◆ EXERCISE DESCRIPTION
Using the material that follows, output exactly the lines from the one containing "IreneMonteroyPabloIglesias" through the one containing "b5a55615c66e Lyst - Michael", with both ends kept.

◆ RECORDS TO USE
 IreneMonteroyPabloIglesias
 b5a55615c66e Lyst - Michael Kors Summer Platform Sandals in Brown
---
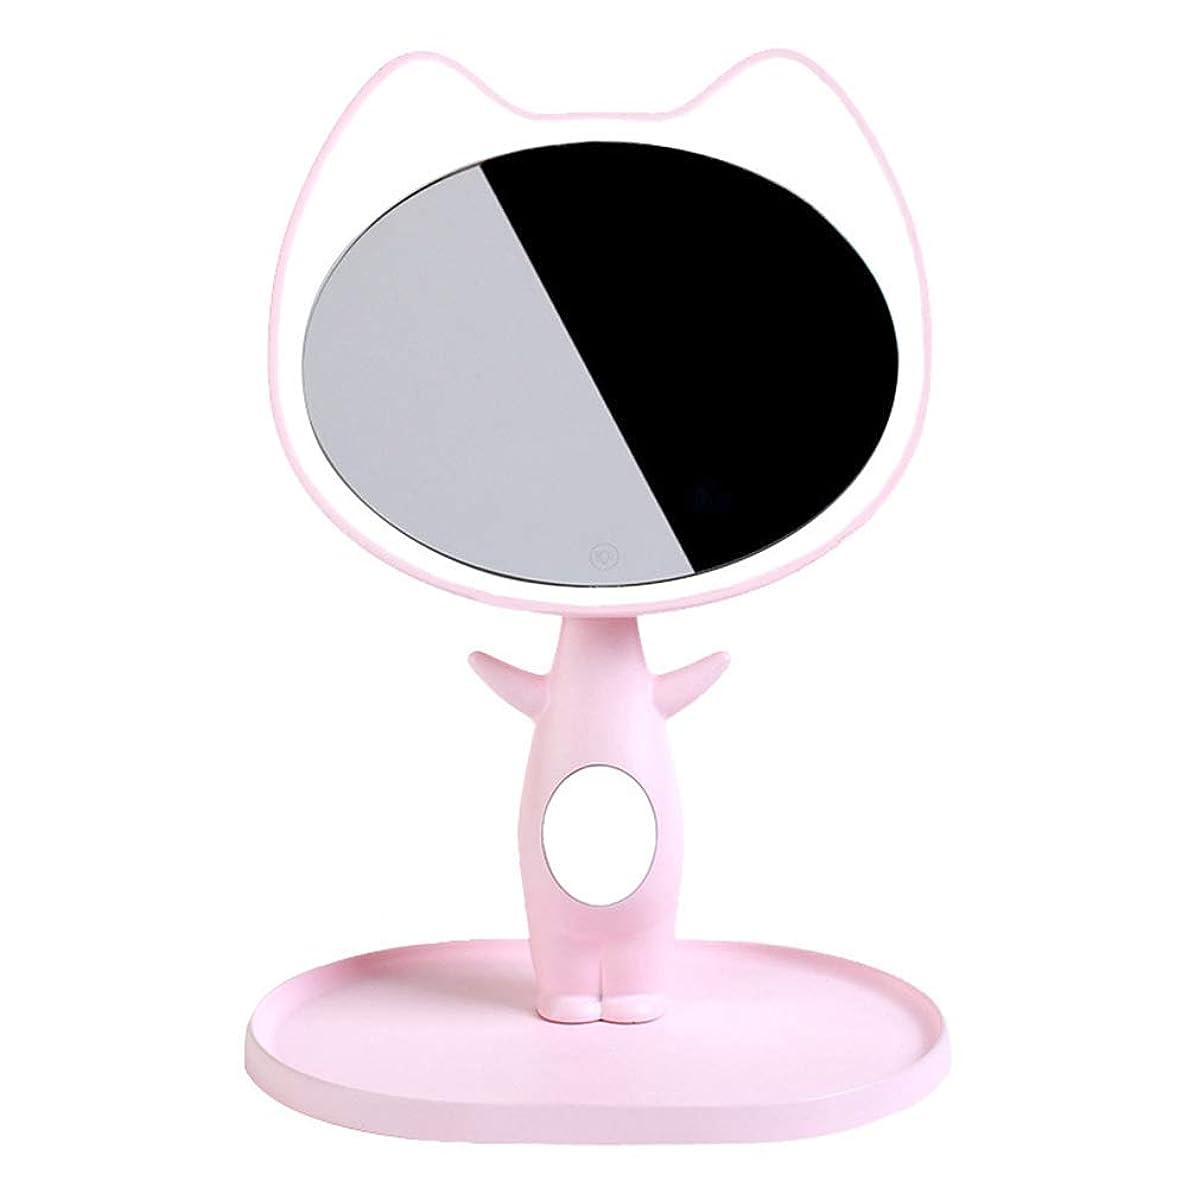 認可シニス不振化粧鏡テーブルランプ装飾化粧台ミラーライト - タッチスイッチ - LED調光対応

◆ RESPONSE TO THE TASK
 IreneMonteroyPabloIglesias
 b5a55615c66e Lyst - Michael Kors Summer Platform Sandals in Brown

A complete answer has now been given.